In Wavendon Wood I turned right, on a short descending path, then turned left on a path leading through part of Aspley Heath to Woburn Sands. On reaching a road I turned right to reach the roundabouts in the centre of Woburn Sands. I turned right and immediately right again, before forking left into Sandy Lane. I was now on the edge of the village of Aspley Heath. After about half a mile, I went through a gate on my left - here I took the right-most of two paths (this is Alternative 1 on my map), going steadily up a sandy hill into Old Wavendon Heath. As the path levelled out, I noticed some heather to my right, something I rarely come across on my walks here in the northern Home Counties.
Approaching Woburn Sands
Near the start of Sandy Lane
Sandy Lane
The shortcut just after Sandy Lane (shown as Alternative 1 on the map)

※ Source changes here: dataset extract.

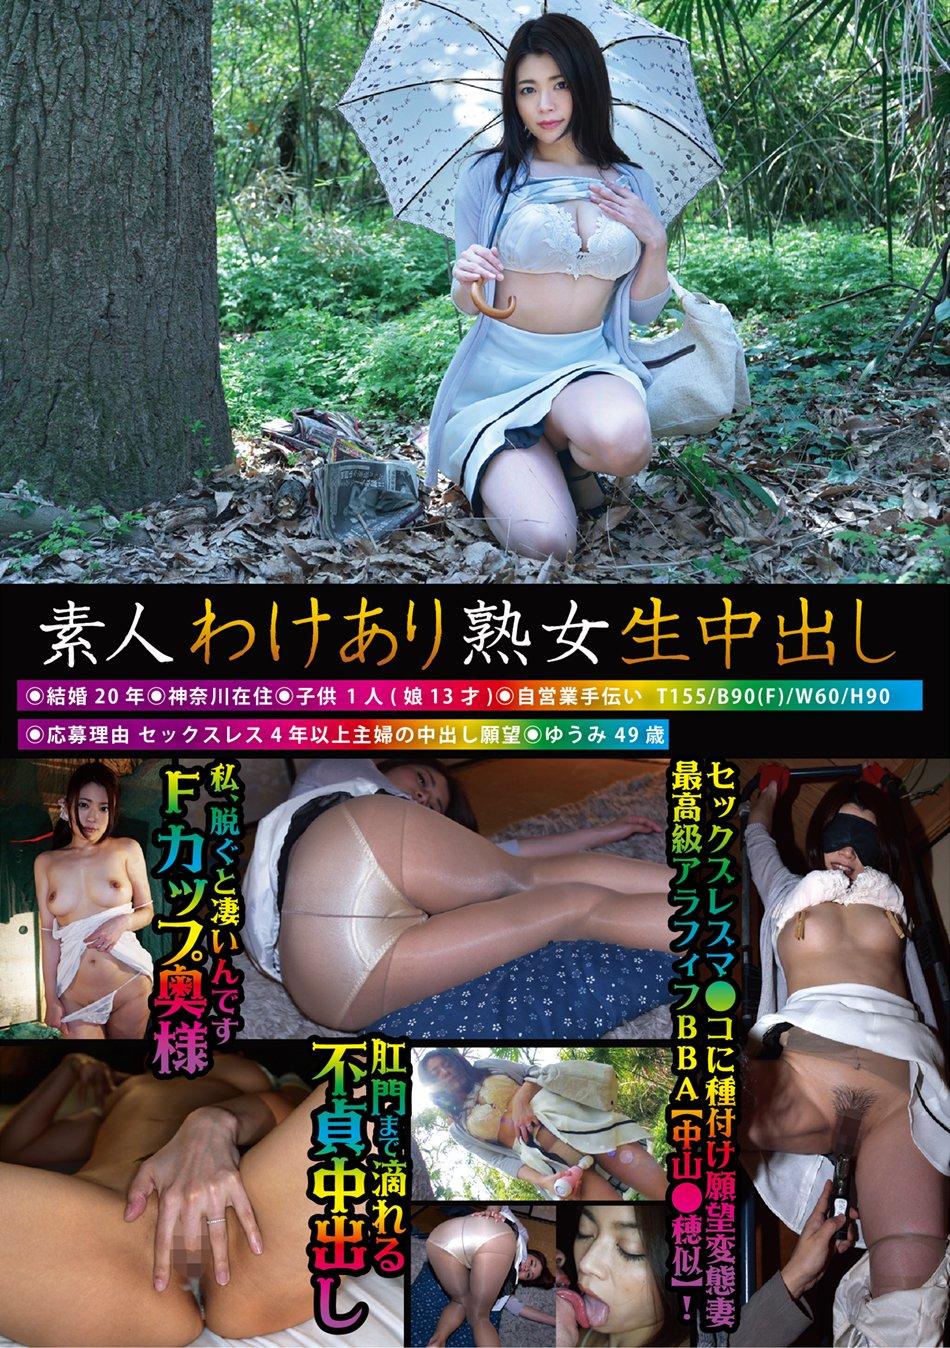 "cdx web.archive iv.83net.jp porno 20"""

Path on Old Wavendon Heath
I turned right, left and right again to return to Sandy Lane (by a school, according to the map), which I then followed southwest for over half a mile. On reaching a minor road, I went left for a couple of hundred yards, then turned right onto a rising path beside a wood. To my left was a large open field - a sign warned that it was used for training Police Dogs! At the top of the slope I turned left onto a track through part of one of the three courses of the Woburn Golf Club. After a bout a third of a mile it turned left, but the right of way bore right, passing through a section of the golf course and then entering a wood (Little Brickhill Copse).
Sandy Lane
Path beside the Police dog training field
Track on Woburn Golf Course
Across a B-road I continued through more woodland (another part of Buttermilk Wood, I think). This pleasant broad track at some point becomes Nun Lane, and further on I had Nun Wood to my right with corn field to my left (here I was on the routes of both the Milton Keynes Boundary Trail and the Greensand Ridge Walk). After almost a mile and a half I reached a minor road, where I went a short distance right before taking a path on the right. This led across two large cornfields to take me back to the A5.
Nun Lane
Nun Lane
Approaching the A5 again
Across the A5, the path followed the edge of two meadows, then turned right, following a long hedgerow through a huge pasture or meadow (actually I think there were a few horses in it). I then went diagonally (half-left) across a small field beside Rammamere Farm, a good track then continuing on through Rammamere Heath. At a junction or fork after about a third of a mile, I went a few yards right then turned left to carry on in the same southerly direction as before, this path soon emerging from the woods and running through a long narrow meadow in a small valley to reach a road opposite the Stockgrove Country Park car park.
Path to Rammamere Farm
Rammamere Heath
The meadow opposite the Stockgrove Country Park car park
As usual this was a very pleasant route, and it made a change for me to be walking on the sandy paths of the Green Sandstone Ridge rather than the chalky Chiltern Hills.